Fox seemed to us a male chauvinist. His students were all male and the one young woman who made it through one of his classes while I was there was told not to bother coming back. He was a gatekeeper in other ways as well. There had been others who wanted to work on Hermann Cohen under his guidance, but the only one he allowed to go forward on such a project was me, though not before throwing some obstacles in my path. Fox had a fine sense of humor and appreciated the wit of the sources he laid out before us, whether it was the Bible with its morally offensive stories, Maimonides with his contempt for the lawyers, or Rav Hayyim Volozhin who defied the boundaries between Hasidism and the Misnagdim. Fox was not just physically capacious but he spiritually embodied the world of Aristotle, the Rabbis, Maimonides, and Musar, all with a good dose of humor tempered by the joy of philosophical clarity. I consider myself fortunate to have had such a generous and gifted teacher.
It was Fox who urged me to meet and seek the guidance of Krister Stendahl, William A. Johnson, and Nahum Sarna.
I remember my last visit with Prof. Fox in Newton. I brought my son, Benny, who was only two years old but wise enough to realize that he was in the presence of a great man. Fox was weak and ill but gracious. His wife, June, was kind enough to allow us to visit. We came away blessed.

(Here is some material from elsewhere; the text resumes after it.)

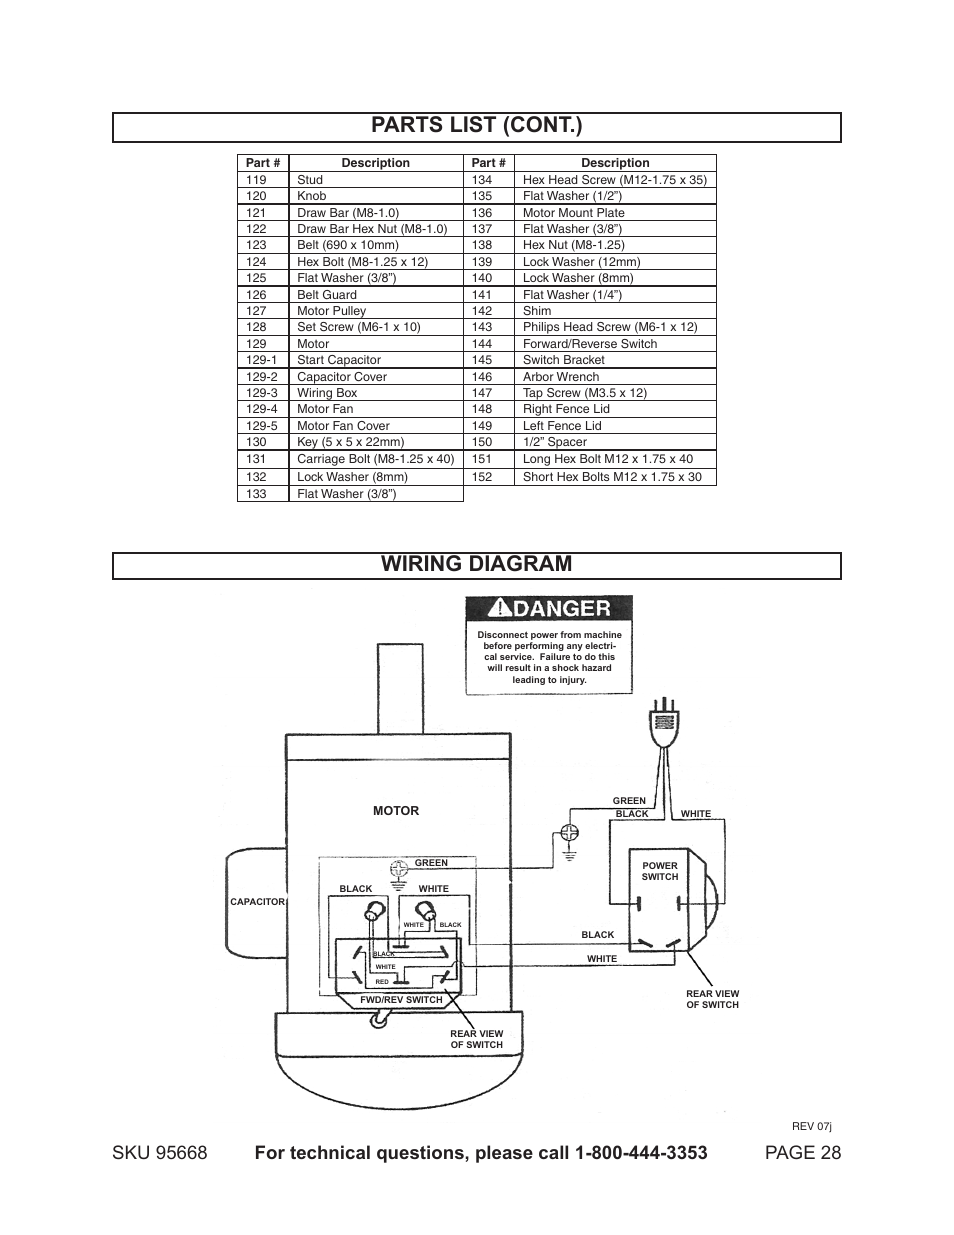 Parts List  Cont   Wiring Diagram
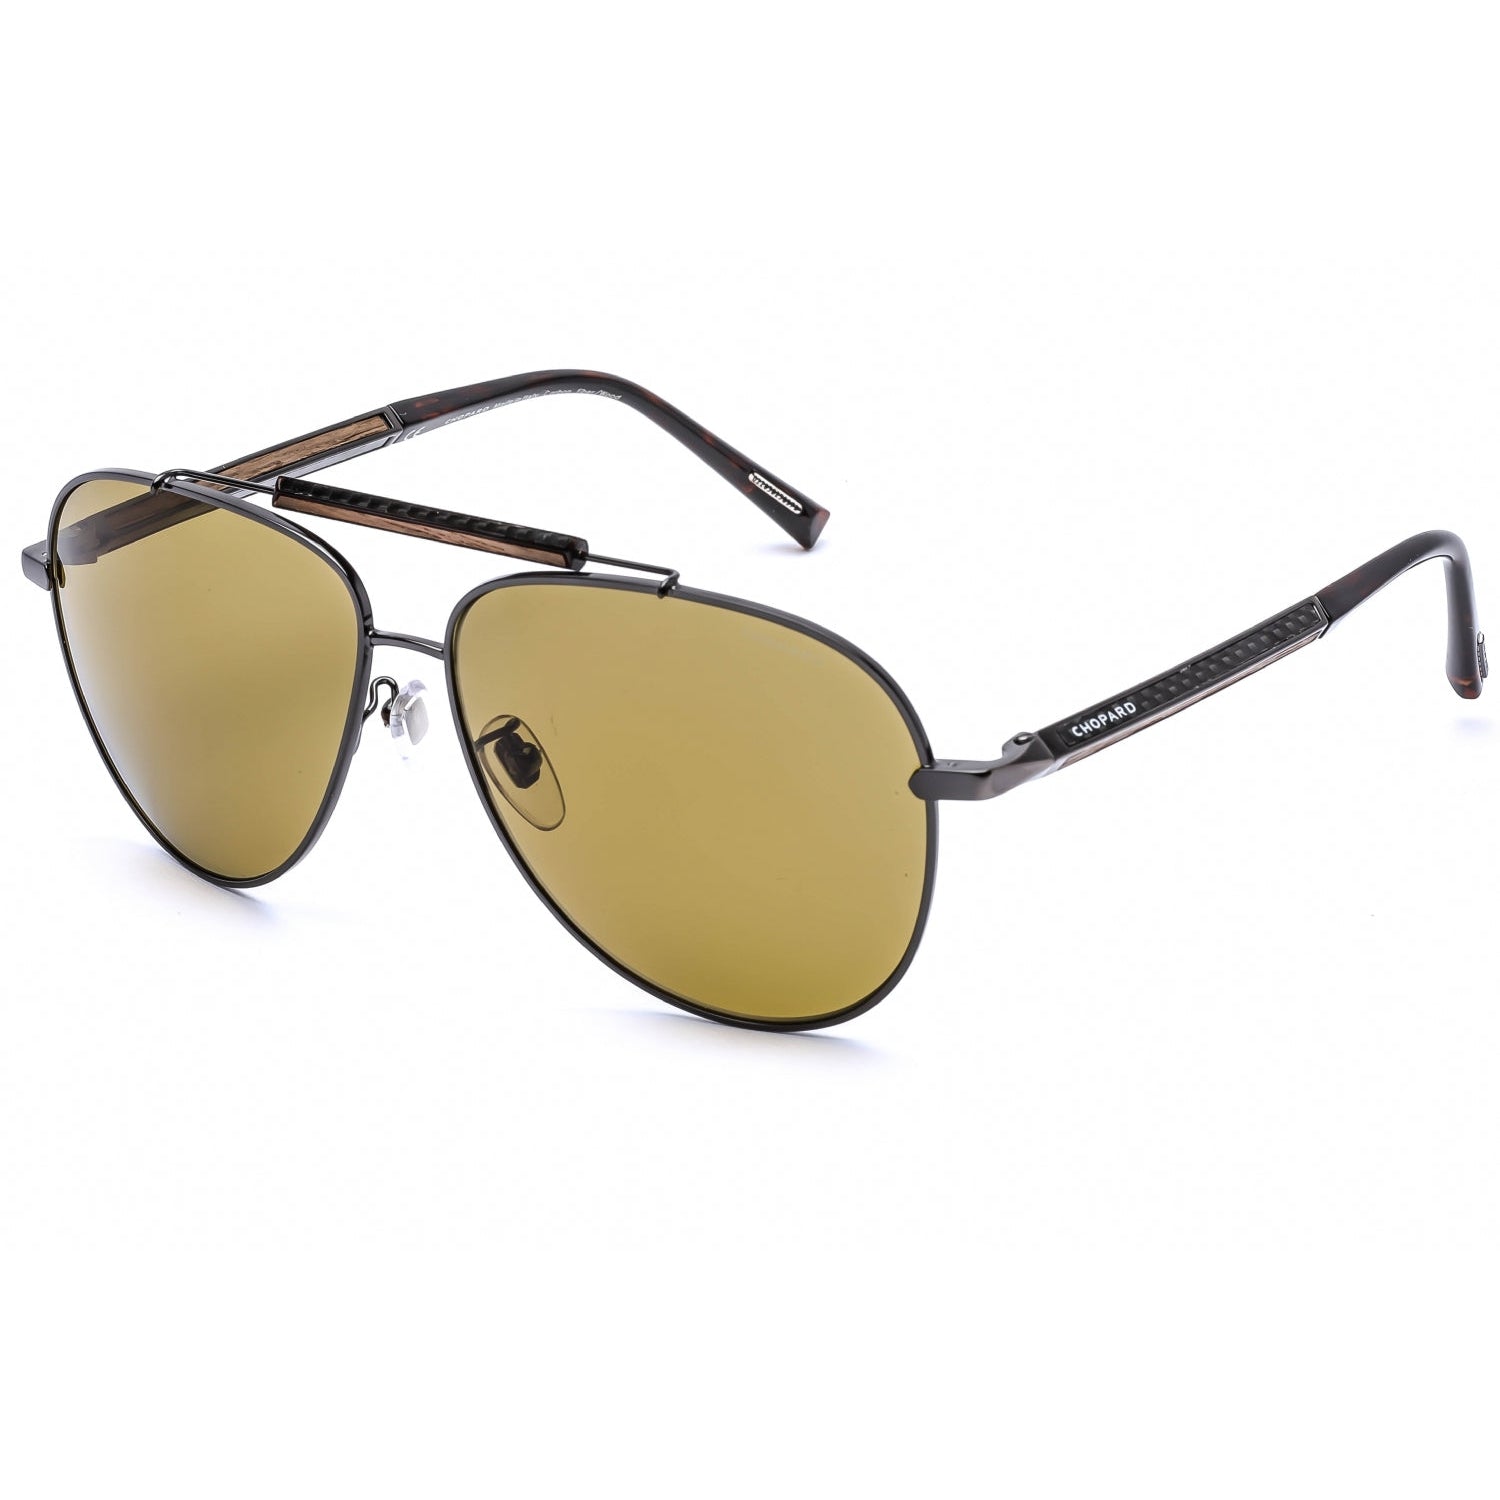 Chopard SCHC94 Sunglasses Ruthenium/Carbon Fiber/Wood / Brown Polarized

Fox didn’t read Arabic. And yet he loved the Rambam as a philosopher, not just as a codifier of the Mosaic Law. In those days, at Brandeis, you had to choose sides. You were either with Alfred Ivry, the other superb teacher of Jewish philosophy who owned Maimuni, or you were with Marvin Fox, who owned the Rambam. In the end, it was Isadore Twersky, who owned the Rambam as well, who eulogized Marvin Fox at Levine Chapel, not Professor Ivry.
Fox also put me on the path of my second project, the translation and annotation of the early Jewish writings of Leo Strauss. Ken Green, who invited me to undertake this project and who invested an unbelievable amount of time and care in it, was likewise a student of Marvin Fox.
When Fox retired from Brandeis, I asked him if he was going to miss his students. He dismissed the assumption. What he missed, and what he had missed all along while at Brandeis, were his Ohio State University philosophy students. After retiring from Brandeis he was recruited by John Silber to teach at Boston University and build its fledgling Jewish studies program. Silber generally acted with the advice of Elie Wiesel, but I am not sure Wiesel knew Fox. When Fox got ill I moved into his office, and I essentially owe my job at BU to the fact that Silber saw me as a protege of Marvin Fox. I guess I was lucky.